* [What the task requires] Restate word for word the lines below, from the one containing "Burgtor von Lübeck, Schleswig-Holstein, Deutschland, Ansicht" through the final line, with no pictures included.

[Records for processing Boundary: Start]

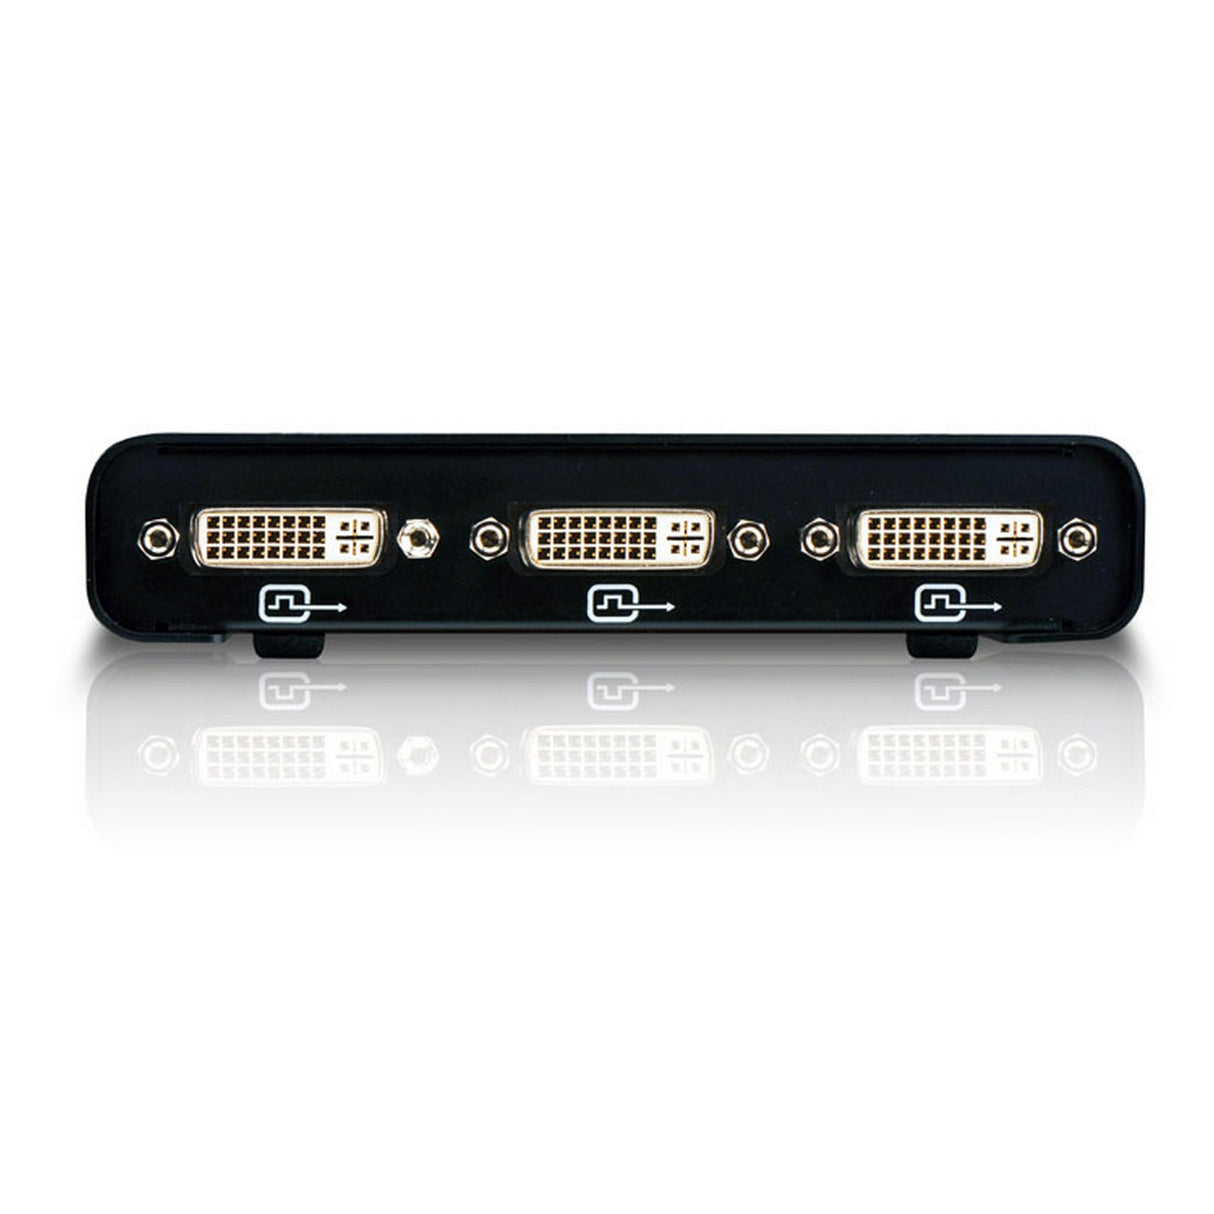 Matrox T2G-DP3D-IF TripleHead2Go Digital SE External Multi-Display Adapter
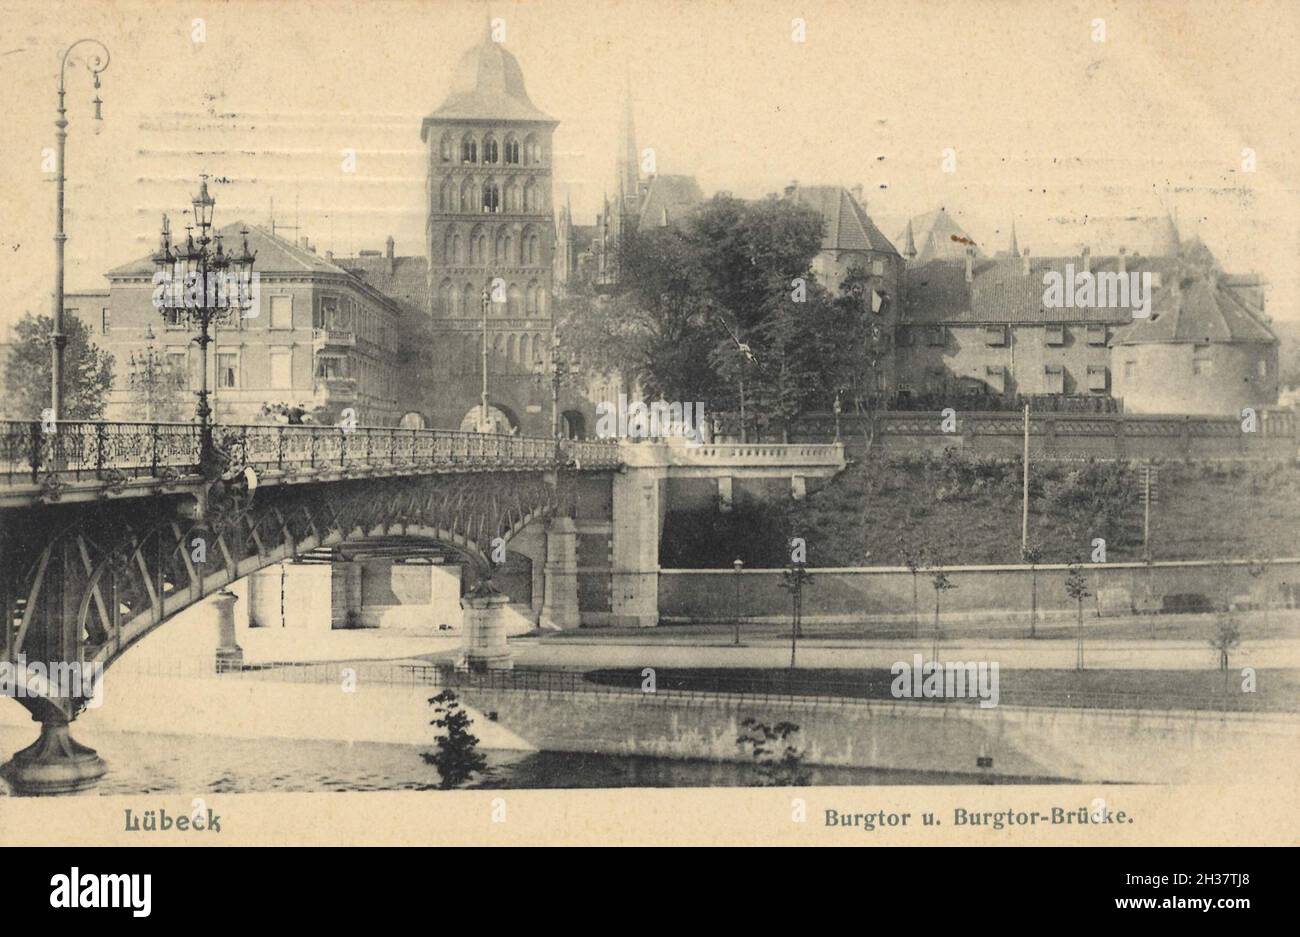 Burgtor von Lübeck, Schleswig-Holstein, Deutschland, Ansicht von CA 1910, digitale Reproduktion einer gemeinfreien Postkarte Banque D'Images
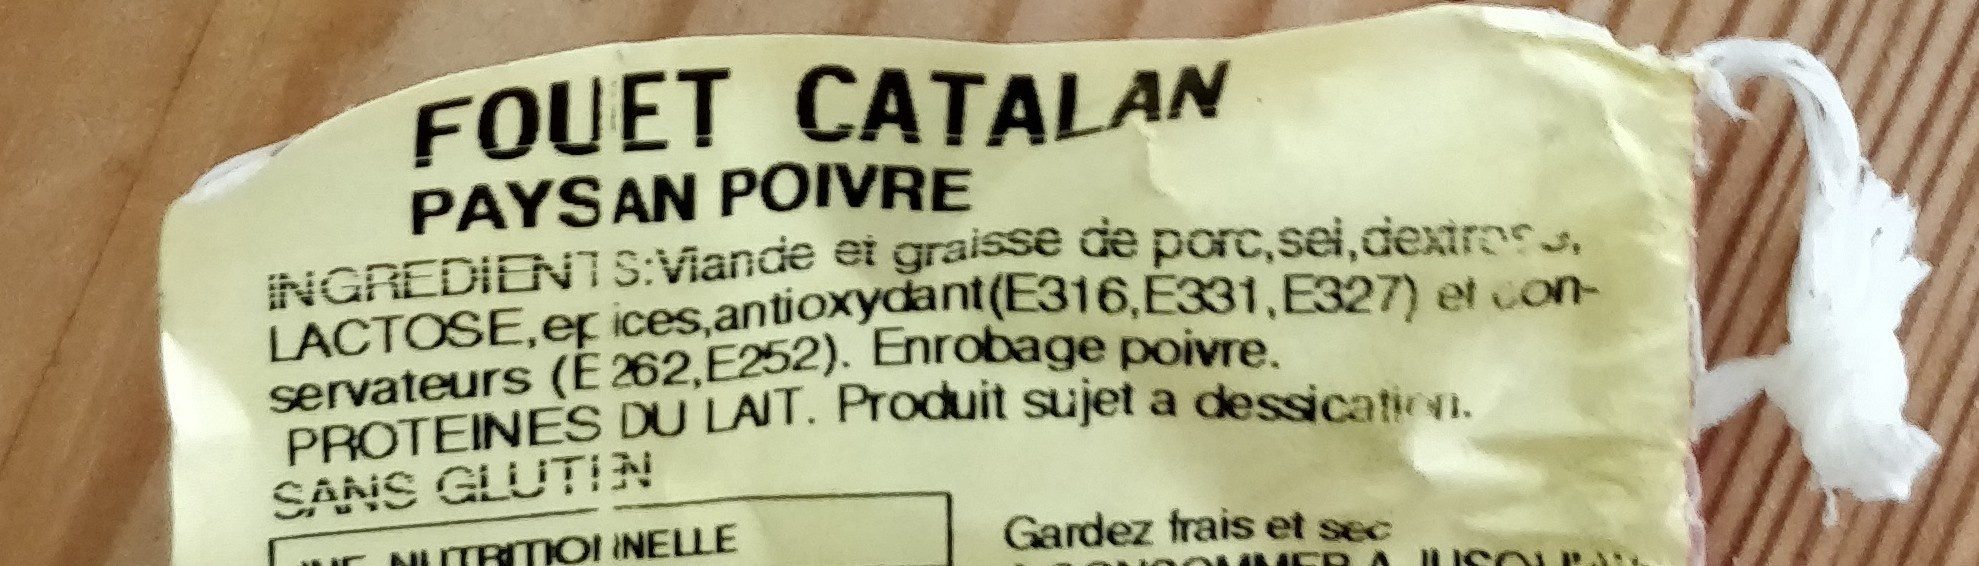 Fouet Catalan paysan poivre - Ingredients - fr
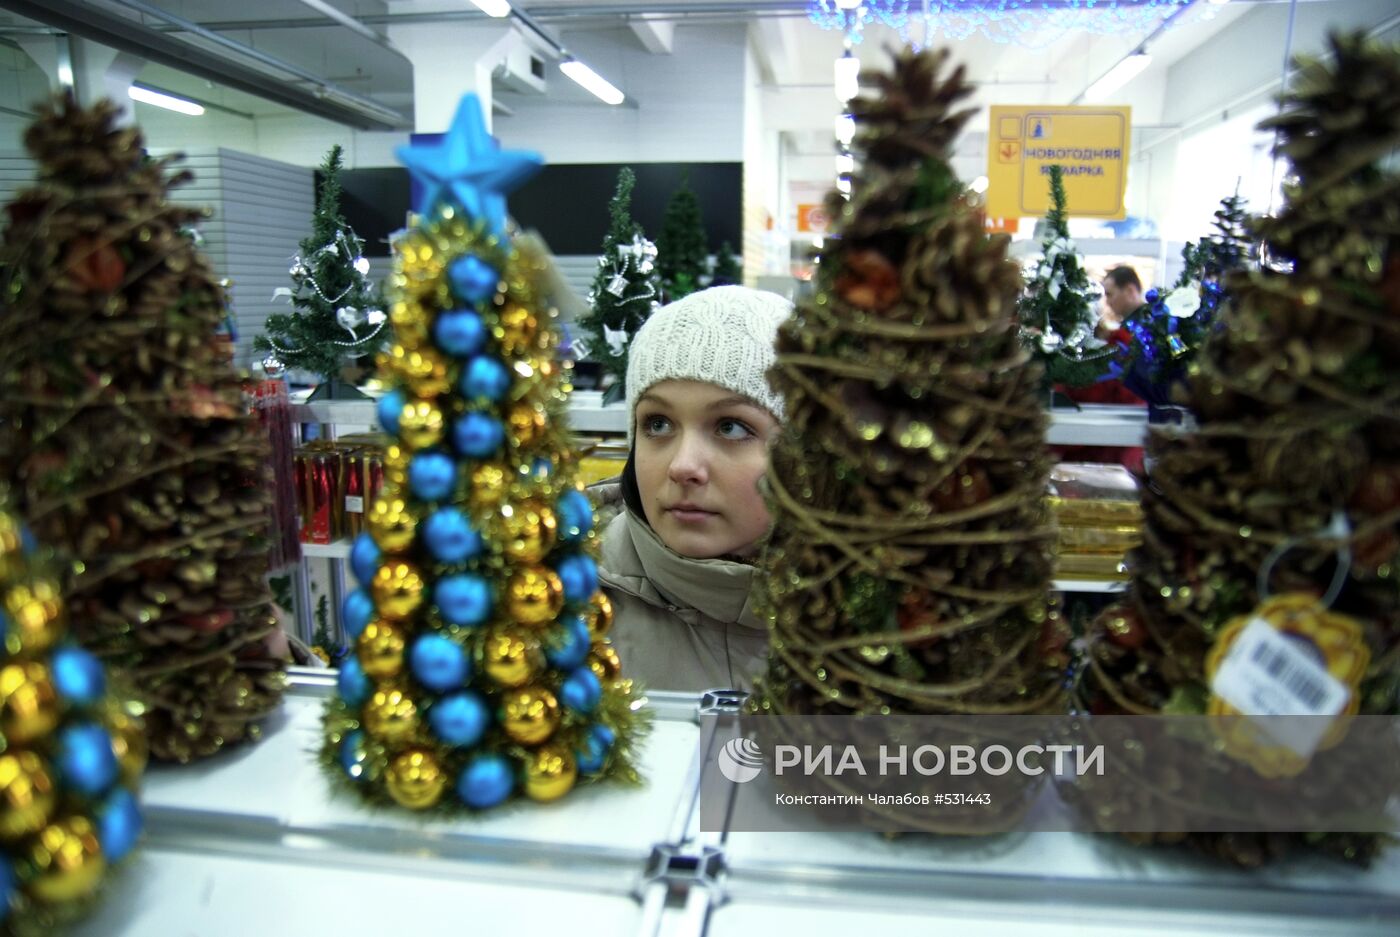 Продажа елочных игрушек в Великом Новгороде
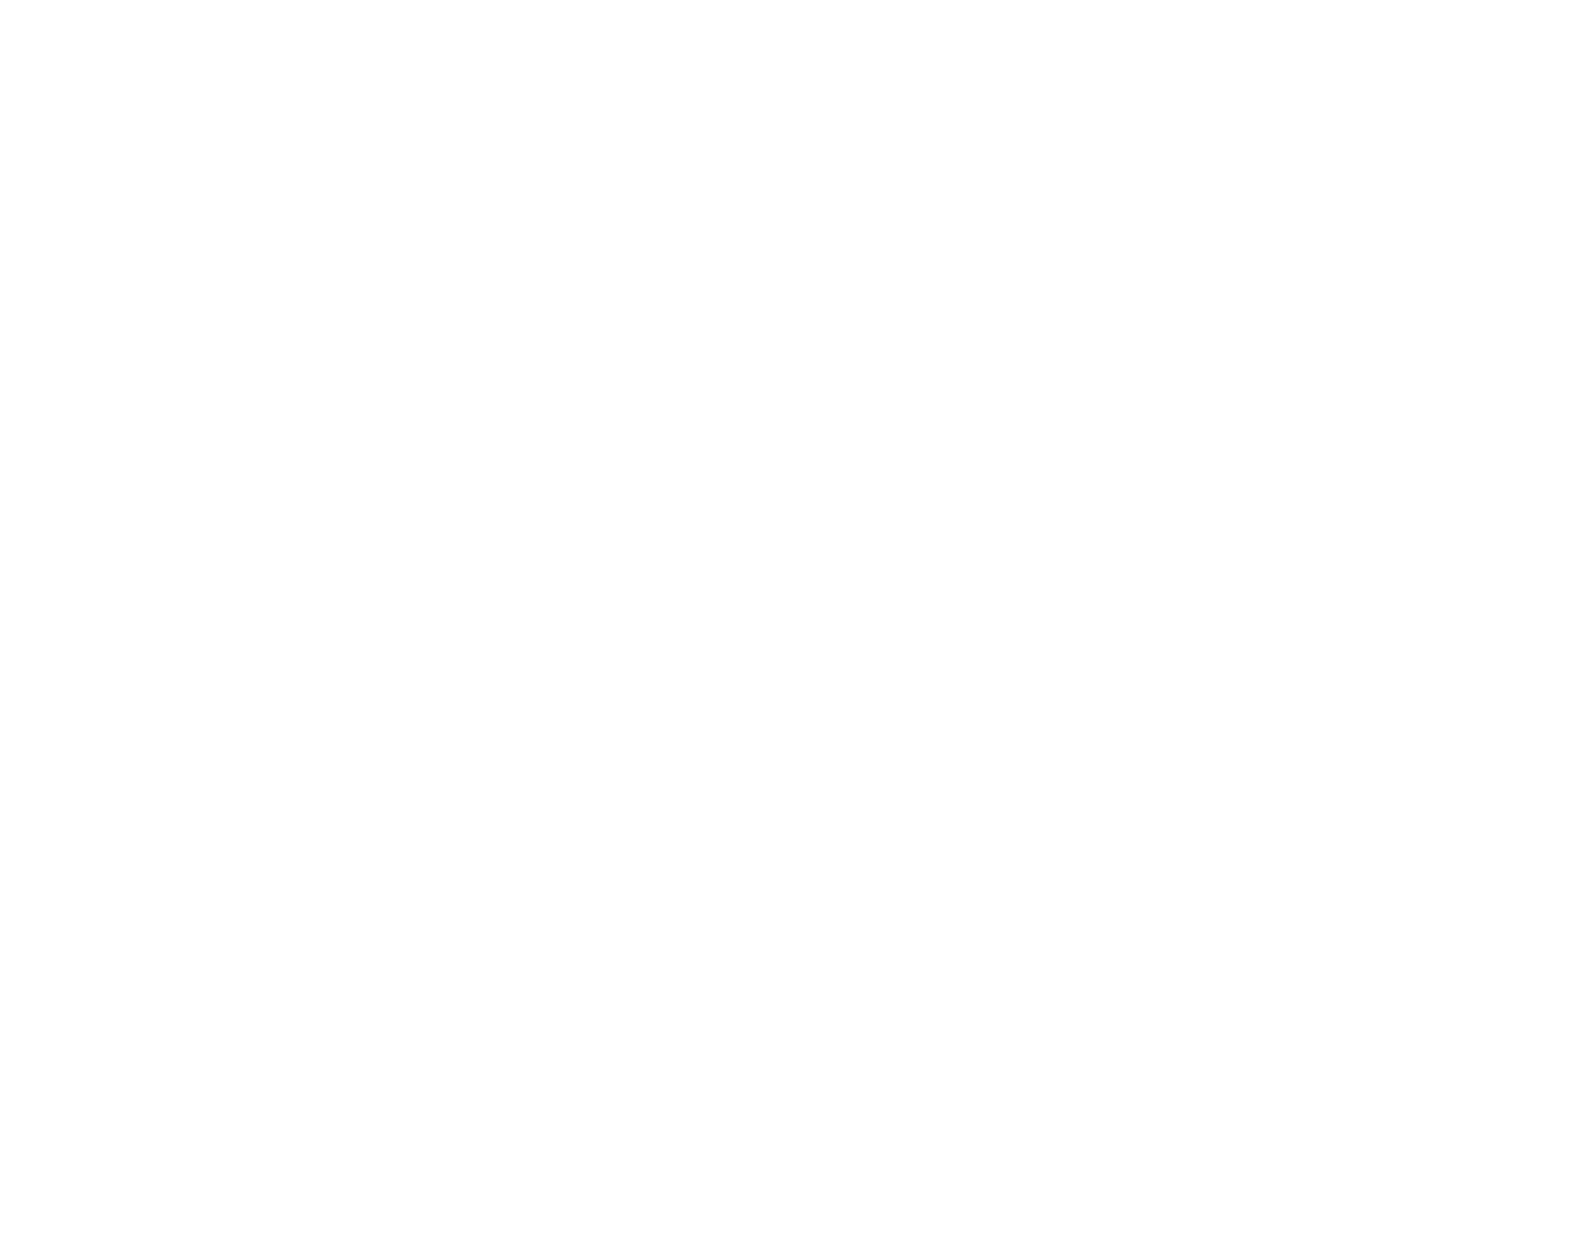 Wipro logo large for dark backgrounds (transparent PNG)

[Records for processing Boundary: End]

* [Exercise answer]
 Burgtor von Lübeck, Schleswig-Holstein, Deutschland, Ansicht von CA 1910, digitale Reproduktion einer gemeinfreien Postkarte Banque D'Images
 Fouet Catalan paysan poivre - Ingredients - fr
 Продажа елочных игрушек в Великом Новгороде
 Wipro logo large for dark backgrounds (transparent PNG)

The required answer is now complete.